A function of the electronic apparatus 400 may be controlled by operation of the switch 310. For example, activation of the switch 310 a single time, e.g., a single click, may cause a first operation of the electronic apparatus 400 to be executed, while activation of the switch 310 two times, e.g., a double-click, may cause a second operation of the electronic apparatus 400 to be executed. A switch 310 may be disposed along a side surface of the body and/or at an end of the stylus, for example, however such locations are merely examples.

[0030] The charging connector 315 may be a charging port that may be used to charge various components of the stylus, for example the power source (battery) 305 or other components such as main controller 335 and/or force sensor controller 340 of the stylus 300. For example, the charging connector 315 may be connectable to a power source in a wired or wireless fashion to supply energy to the components of the stylus.
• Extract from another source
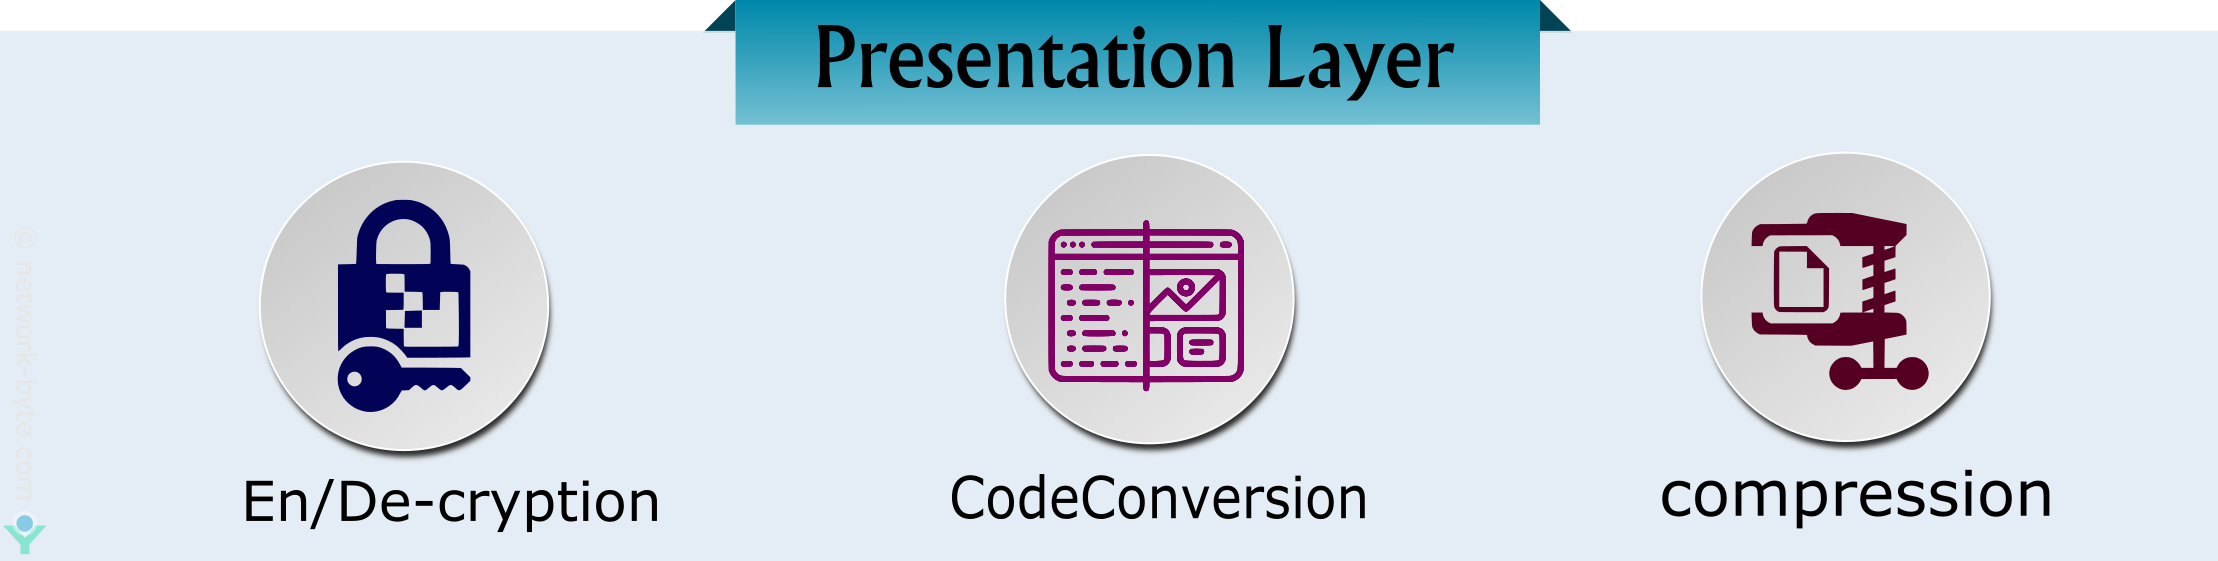 presentation layer osi layer

For example, the charging connector may be a USB charging port, for example, a wireless USB charging port. Charger IC 320 may be a controller which controls charging operations of the power source 305.

[0031] Wireless communication module (wireless communication interface) 325 may include a communication interface which includes a transmitter to wirelessly transmit information to an external device such as the electronic apparatus 400 and a receiver to wirelessly receive information from the external device such as the electronic apparatus 400. For example, the wireless communication module 325 may include a transceiver and/or antenna. The wireless communication module 325 may include a wireless communication port for wireless communication via a wireless communication protocol such as WiFi 802.11a/b/g/n, Near Field Communication, BLUETOOTH, and the like.

[0032] User interface module 330 may include various components to enable or assist a user operating the stylus 300. For example, the user interface module 330 may include a haptic feedback device such as a vibrator to provide feedback to a user operating the stylus 300. For example, the user interface module 330 may include an audio device having a microphone and/or speaker, through which a user may supply commands or receive feedback or information regarding operations of the stylus 300. The user interface module 330 may include other components such as a camera, which may be used by a user to operate the stylus 300.

[0033] Main controller 335 may be configured to control operations of the force sensor controller 340 and tip sensor module 345 as well as control operations of other components of the stylus 300. The main controller 335 may receive information from the force sensor controller 340 regarding forces applied to the first and second force sensor arrays 350 and 360.

[0034] Force sensor controller 340 may be configured to control operations of the first and second force sensor arrays 350 and 360 as well as control operations of other components of the stylus 300. The force sensor controller 340 may receive information, for example in the form of signals, from the first and second force sensor arrays 350 and 360 regarding forces applied to the first and second force sensor arrays 350 and 360. For example, force sensor controller 340 may receive information regarding a location and a magnitude of forces applied to the first and second force sensor arrays 350 and 360. Force sensor controller 340 may receive a signal from the first force sensor array 350 independently from a signal received from the second force sensor array 360. [0035] For example, the first force sensor array 350 may be disposed on a first portion of the body, and may include a first plurality of sensors. The second force sensor array 360 may be disposed on a second portion of the body, and may include a second plurality of sensors. The force sensor controller 340 may receive a first signal from a first sensor among the first plurality of sensors indicating a first location of a first force and a first magnitude of the first force applied in a first direction to the first portion of the body. For example, the first direction may be a direction which is perpendicular to the first sensor or to the first portion of the body. The force sensor controller 340 may also receive a second signal from a second sensor among the second plurality of sensors indicating a second location of a second force and a second magnitude of the second force applied in a second direction to the second portion of the body.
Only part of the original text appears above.